Itulah sebabnya dalam perkembangannya, sejarah tak pernah berhenti di satu
titik. Ia terus ditulis, bahkan hingga akhir zaman.
Dalam edisi kali ini, ngoser.id mencoba menyingkap tabir
tentang sejarah Pangeran Diponegoro yang penuh dengan berbagai kisah. Namun
sesuai judul, kisah yang tertuang di media ini diangkat dari versi keluarga Keraton
Sumenep.
Kisahnya bahkan lebih dinamis dari kisah
seribu satu malam. Hal itu tidak bisa lepas dari berbagai keunikan sosok
Diponegoro, yang kaya akan ribuan sisi dari setiap kepribadiannya yang
menakjubkan.
Dilahirkan dan hidup sebagai seorang putra
utama dari raja yang berkuasa di tanah kelahirannya, tak membuat sang pangeran
ini terlena dengan kehidupan serba mudah sekaligus serba mewah. Kisah hidupnya
memang sedikit beda dengan raja legendaris Mangkunegaran, Pangeran Sambernyawa
alias KGPAA Mangkunegoro I. Meski lebih banyak kesamaannya.
Baca juga: Jejak Khalwat di Balik Nama Kasengan
Jika Sambernyawa yang bernama asli Raden
Mas Said itu hidup mandiri dan selalu diawasi—baik oleh pamannya selaku raja
Surakarta maupun kompeni—karena memang ditinggal sang ayah yang dibuang karena
sebuah intrik, maka Diponegoro lain lagi. Diponegoro seperti halnya Mas Said
juga ditempa dengan siraman pendidikan yang mumpuni, namun justru bukan dari
kalangan yang “terbuang”.
Mas Said terbentuk karakternya, dengan
latihan keras, karena memang tidak ada tempat bergantung di istana selain
memaksimalkan kemampuan dirinya. Bangkit dengan tempaan alam, meski musuh di
kanan kiri, sekaligus depan belakang.
Diponegoro meski tak sebatangkara sebagaimana saudara sepupu kakeknya itu, namun ia dididik dan menerima tempaan alam yang sama. Kesamaan keduanya ialah kecerdasan dan ketangkasan yang mengakar kuat dari dalam. Di samping kharisma yang tinggi, semangat serta bakat kepemimpinan yang menonjol. Ditambah kesamaan selanjutnya, sama-sama anti penjajah, yang sukar ditundukkan hingga akhir hayatnya.

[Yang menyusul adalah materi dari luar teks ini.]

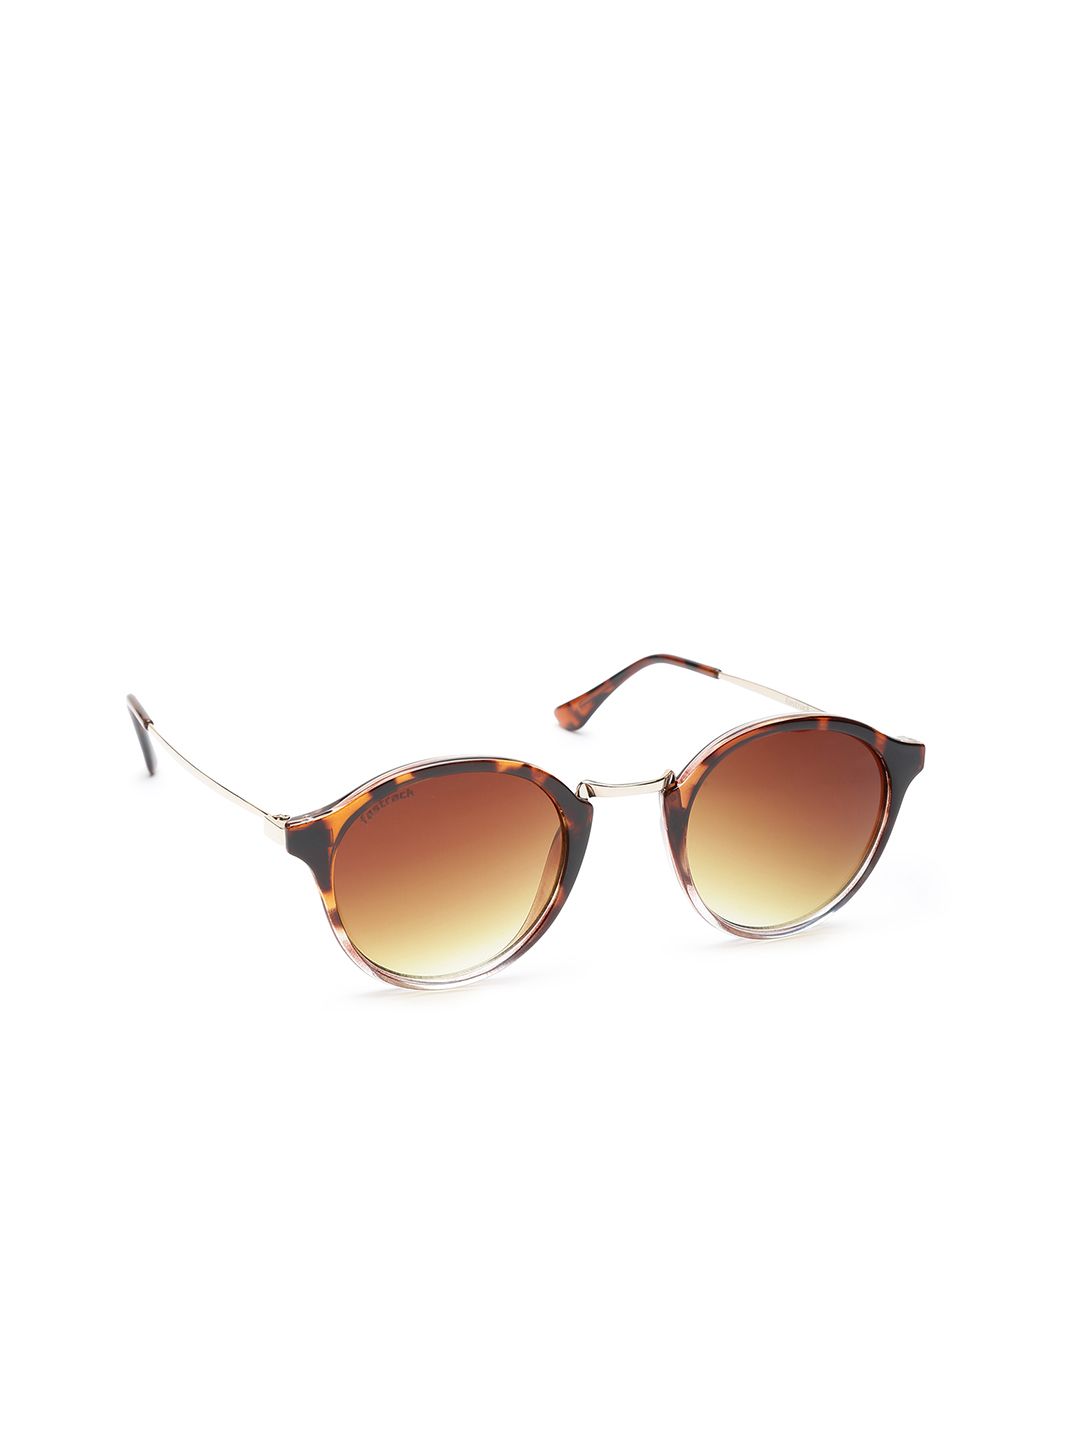 Fastrack Women Oval Sunglasses C085BR2F Price in India

Diponegoro tak pernah ditangkap Belanda
Dalam sejarah umum disebut bahwa Diponegoro berhasil ditangkap oleh Belanda dengan sebuah muslihat. Di sebuah malam di bulan Ramadlan, Belanda yang mengundang sang pangeran untuk sebuah kompromi berupa perundingan damai, ternyata diciderai oleh kelicikan bangsa kulit putih itu. Diponegoro yang datang tanpa senjata, justru tidak dibiarkan meninggalkan lokasi perundingan. Perundingan itu sejatinya perangkap yang berujung penangkapan pemimpin perang Jawa (1825-1830) itu.
Lantas Diponegoro oleh kompeni diasingkan
ke Makassar hingga wafat di sana pada 1855 M. Jenazah beliau tidak dikembalikan
ke tanah tumpah darahnya. Melainkan dikubur di sana, dipugar ratusan tahun
setelahnya. Dan ditetapkan sebagai pahlawan NKRI.
Sejarah tersebut merupakan sejarah yang
sudah bersifat umum. Namun di belakang hari, informasi-informasi seputar
pejuang tangguh, yang oleh Belanda disebut pemberontak itu muncul ke permukaan.
Seperti salah satunya kisah sang pangeran di bumi Sumenep.
“Sejatinya, kisah Diponegoro, khususnya di
Sumenep sudah masuk kurikulum pendidikan di era kolonial meski tak resmi,” kata
H. R. B. Nurul Hamzah, salah satu sesepuh keluarga keraton Sumenep beberapa waktu silam.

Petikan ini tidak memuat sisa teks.